Hebron (Palestinian Territories) (AFP) – For the first time in 30 years, Shebab Hebron football club has won the occupied West Bank’s championship, thanks in large part to five new players — all Israeli Arabs.

Holding Israeli citizenship, they are eligible to play for the country’s professional clubs, which have facilities superior to those of the Palestinians.

But some are choosing to play for West Bank sides, both for reasons of Palestinian identity and, sometimes, for money.

Palestinians who remained after the creation of Israel in 1948, and their descendants, make up about 17.5 percent of Israel’s eight million population.

Hebron defender Haitham Dhib, 29, is from the town of Majd el-Krum, in northern Israel, but has been playing for the past eight years in the West Bank.

He is among six Israeli citizens on the Palestinian national team, a member of FIFA since 1998.

Dhib had played in Israel’s two top leagues but decided to cross into the West Bank for money and the adulation of the public.

On Palestinian streets the faces of local football heroes smile down from giant billboards and for their fans, football is a kind of religion.
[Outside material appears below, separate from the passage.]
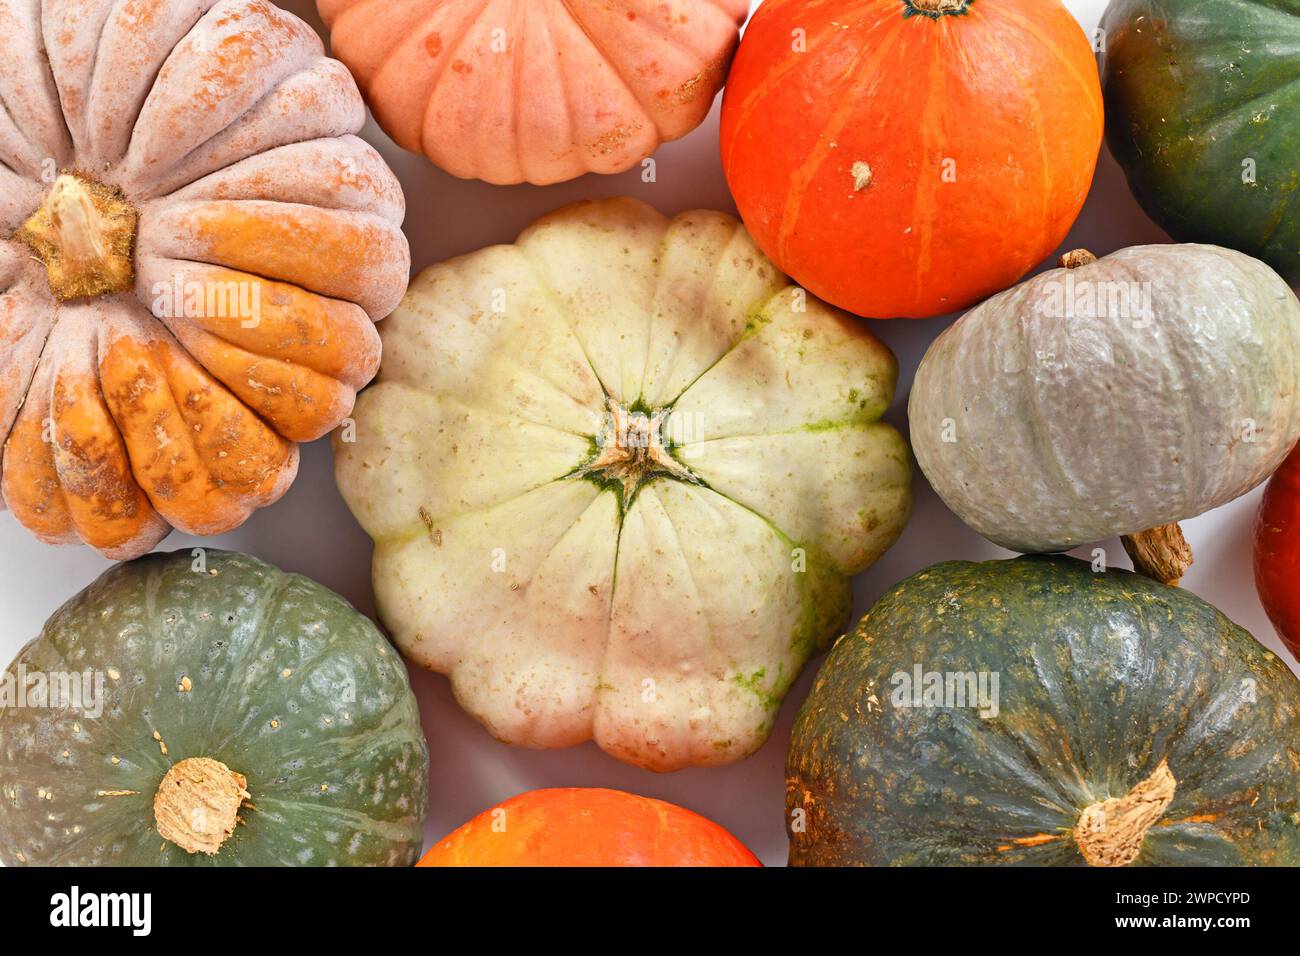 Top view of different pumpkin and squash mix Stock Photo

“At Palestinian championship matches, the spectators turn out in large numbers and the media treat you like a real professional and don’t regard the championship as an amateur competition,” he told AFP.

For the West Bank clubs, to sign Israeli-trained players like Dhib is an opportunity not to be missed, Shabab Hebron coach Khader Obeid told AFP.

– ‘Real training’ –

“They have real training over there,” he said. “It’s done differently, from childhood, in a serious and professional way.”

At the Israel Football Association, they’re not talking about an exodus of Arab players.

The numbers involved, IFA spokesman Eitan Dotan told AFP, “are not enormous.”

“Several have returned to the Israeli league for the better training facilities and also in response to requests,” he said.

Abu Obeideh Rabie, 26, played in the Israeli leagues in the past but at the start of this year moved to the Hebron club.

He said he was partly motivated by the Palestinian cause, influenced by his father’s imprisonment in Israel for nationalist activism, and also because he wanted for professional reasons to play a role in the development of the Palestinian championship.

“Professionalism in Israel is better,” he said. “But it is developing here and I’m sure that in a few years it will be completely professional.”

The improvement is due in part to the influx of the Israeli players, says Palestinian Football Association secretary general Abdel Majid Haja.

“They have greater abilities and bring an extra strength to the Palestinian championship,” he told AFP.

The romance between Israeli Arab players and Palestinian clubs can sometimes turn sour.

In April, the Asian Football Confederation ordered West Bank side Al-Dharia to forfeit a scheduled game against Syria’s Al-Wahda in Lebanon because of the non-arrival of the Palestinian team’s nine Israeli players.

Lebanon bans Israeli passport holders from entering the country, so the men were refused entry at Beirut international airport and the game had to be cancelled.